Хер – это то самое, из другого мира, что, как поет Ван Клиберн, «thrудно высказать и не высказать».
«…Все сущее есть в какой-то мере сущее, а в какой-то – не сущее, – говорит также Дионисий, – и поскольку оно отпало от вечного Сущего – его нет, но поскольку оно причастно бытию – оно есть, то есть все сущее всецело удерживает и сохраняет как бытие свое, так и не-бытие».
Хер указывает, что поиски утраченного времени бесплодны. Что надо как раз утрачивать время и искать поднесущую частоту.
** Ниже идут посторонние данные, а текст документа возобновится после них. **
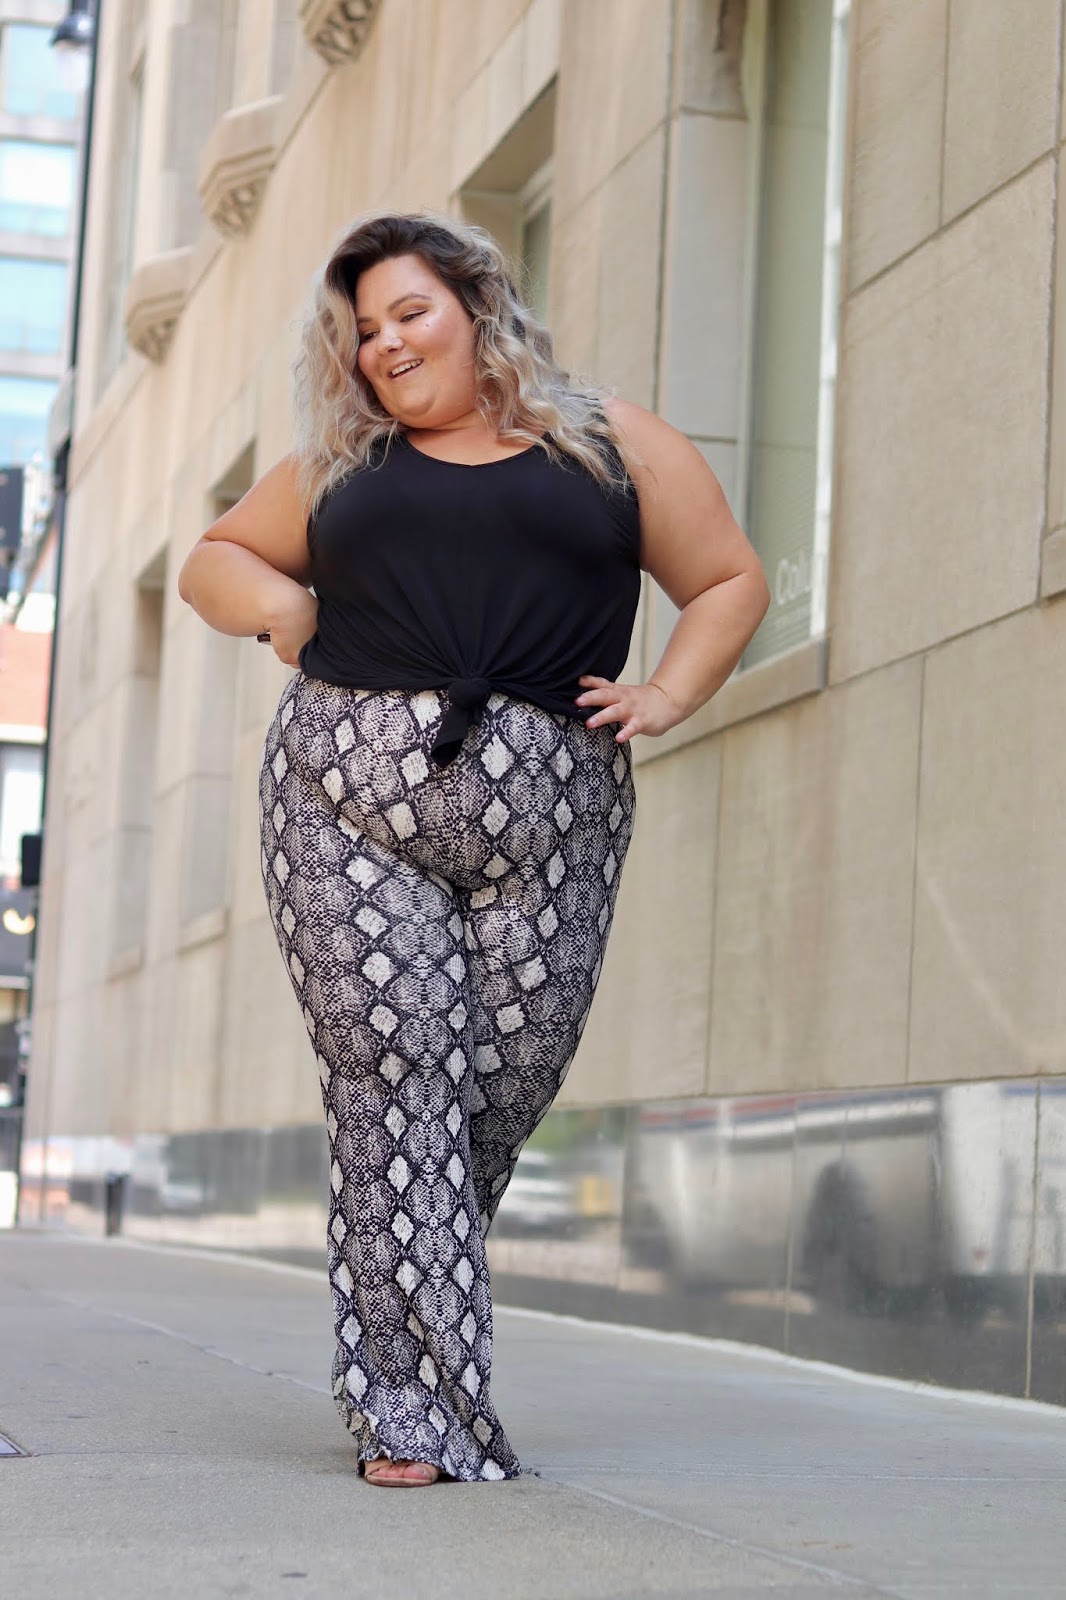 Chicago Plus Size Petite Fashion Blogger Natalie in the City reviews Chic Soul's snake skin bell bottoms.

Если невозможна обработка на несущей.
В некоторых случаях – я согласен – можно обойтись без «хера», например, в выражениях: «А хер ли?» – поскольку его можно заменить белее коротким «А что?» – или: «Какого хера?» – поскольку хер всегда одинаков, и неважно, какого именно. Однако без потери интонации и экспрессии нельзя передать сущность таких выражений, как:
1) «захерачить»;
2) «ни хера (нет)»;
3) «все каштаны от мороза херакнулись»;
4) «один хер»;
5) «херово».
«А если быть до конца откровенным, – говорит Дионисий, (как раз по поводу американцев, которые, как вы говорите, пока мы тут утрачиваем время, спят там под сенью наших девушек inblossom), – то необходимо признать, что даже противоборствующие Благу существа получают от него бытие и возможность противоборствовать, и, обобщая, можно сказать, что все существа, поскольку они существуют, благи по своей сути и исходят из Блага; если же они лишены Блага – они не благи, а потому и не существуют».
А «…то, что совершенно лишено каких-либо следов Блага, никогда и никоим образом не было, не есть, не будет и не может быть».